In these two statements is a problem- If you hit the balloon on the second shot that seems to be a "success" when it really is a failure. That is also the F-class is run (first a couple of sighters to get you on target and then for score). Practice is good and you learn a lot and hopefully develop good mechanics and if it is not fun then you may not practice much.

There is nothing like paper to make you realize the truth. You get no adjustments because you don't know where the first round hit. Your group is going to show you just how bad your wind and range factors were and just how well your rifle is actually placing bullets.

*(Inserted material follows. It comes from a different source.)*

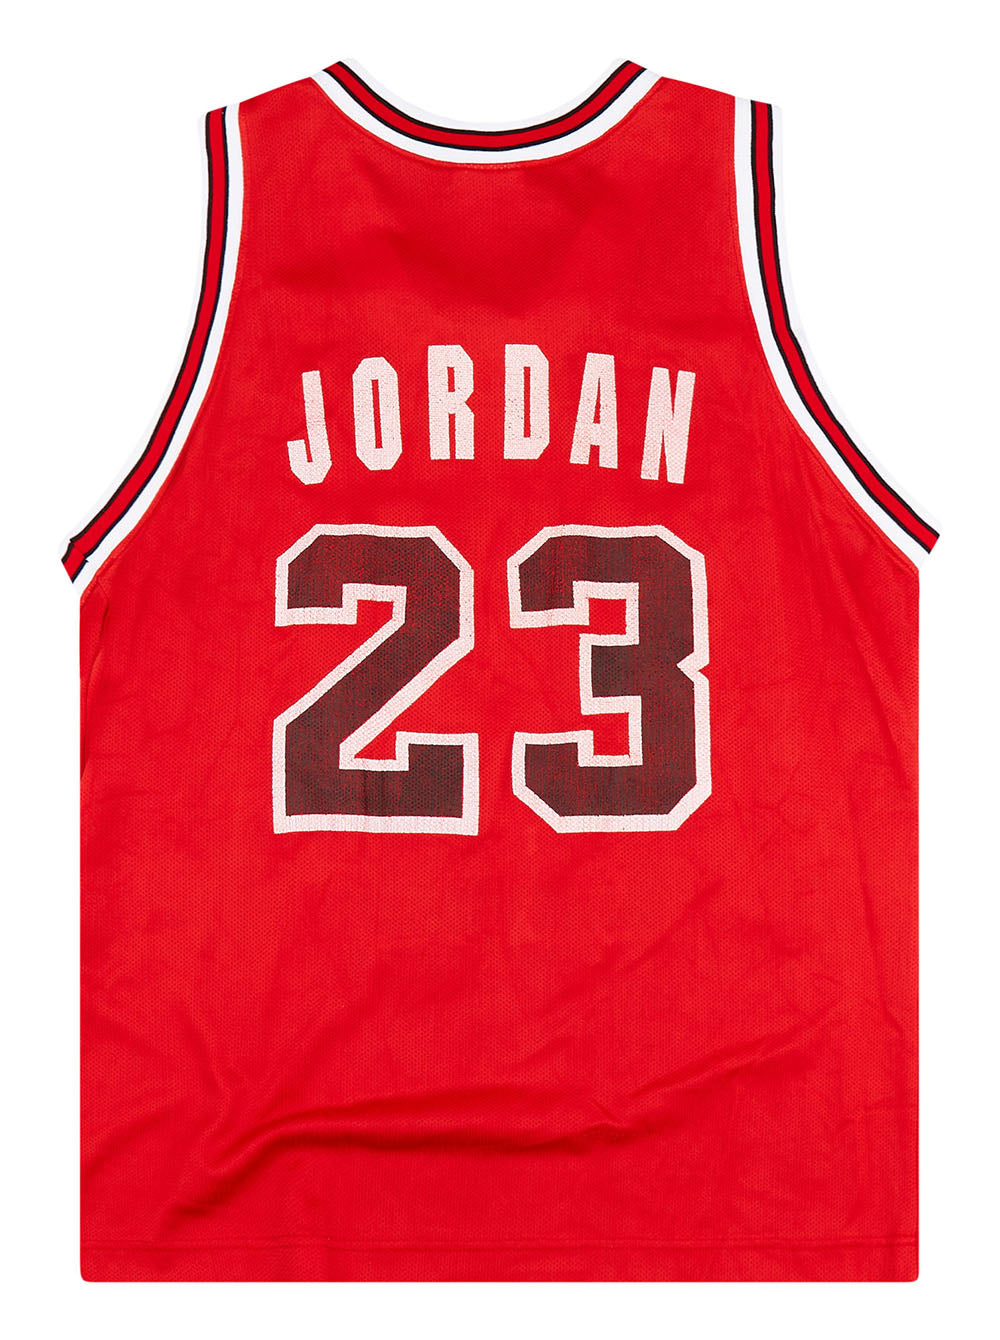 Vintage North Carolina Michael Jordan #23 Basketball Jersey
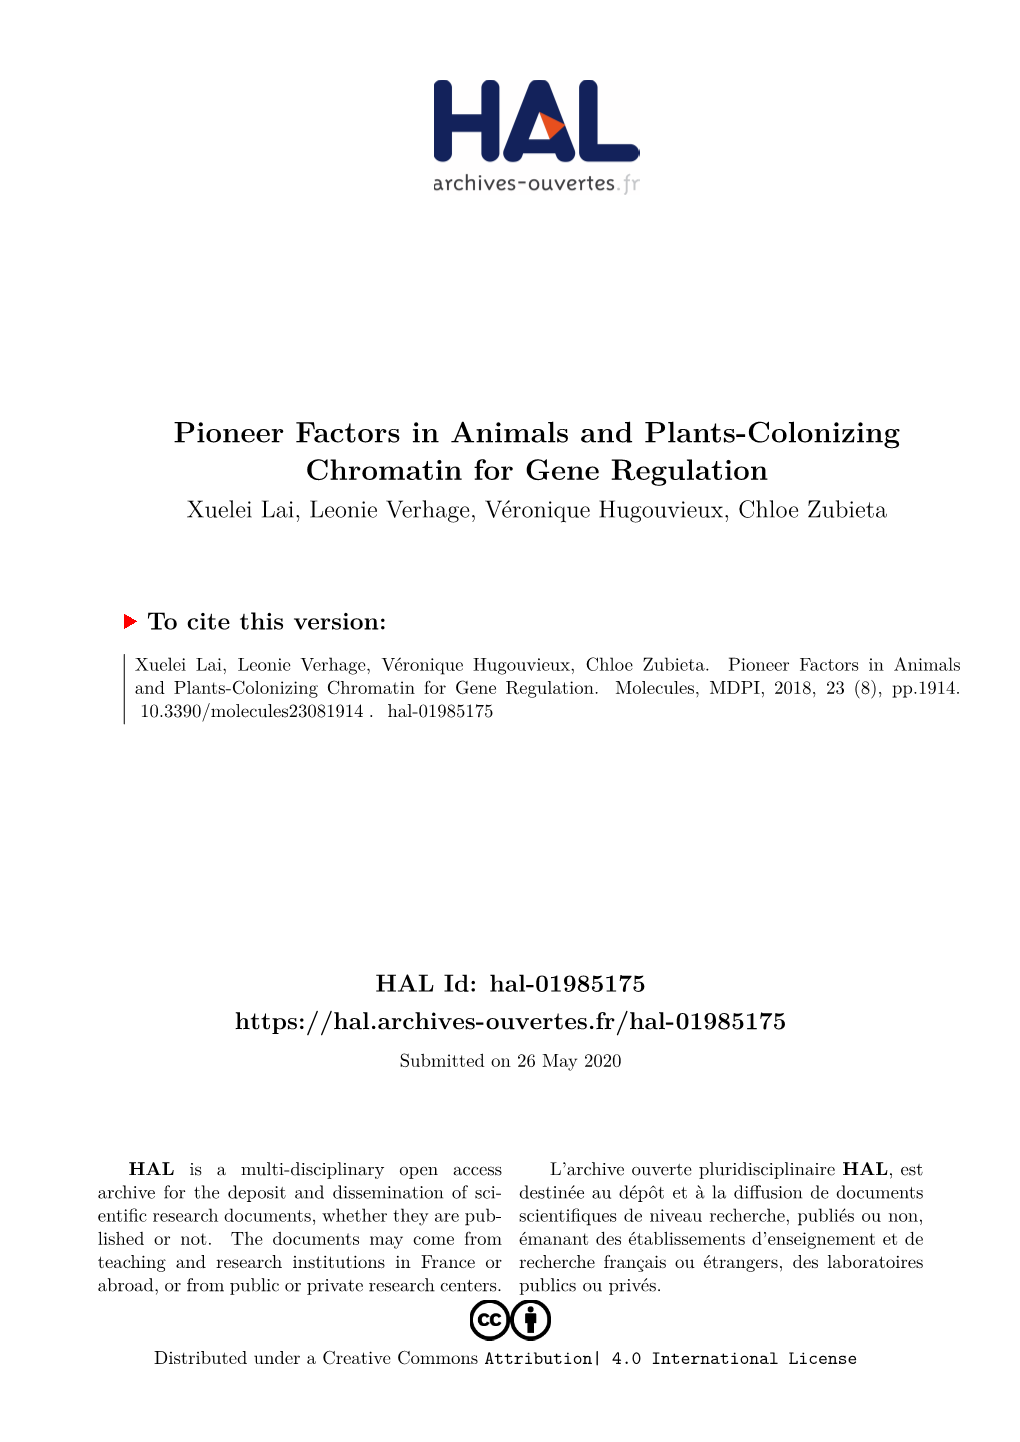 Pioneer Factors in Animals and Plants-Colonizing Chromatin for Gene Regulation Xuelei Lai, Leonie Verhage, Véronique Hugouvieux, Chloe Zubieta

Countless people have posted that they hit a gong at some tremendous distance "after a few shots". All that tells me is that for the critical first shot ,they "MISSED".

At 900 yards it is a half mile walk to the target and a long dreary half mile walk back pondering just how bad you misjudged the wind. Good exercise and good time to reflect on one's skill level.
Very well said !!! Bob

An animal never gives you a sighter shot so the first shot is the one that counts.

When you can set a target at an unknown distance, range it once you get set up to shoot,
calculate wind effect,adjust the turrents on the scope accordingly And hit the target within
an exceptable kill zone for the game to be hunted on the first shot EVERY TIME as Bob said
then you are ready.

Start at a reasonable distance and work out to your limit. Dont let the fact that some of the
guys on this site can do this at 1 mile intimidate you. This year I limited my self to 1100
yrds because of the game,energy at that distance and most of all my abilities.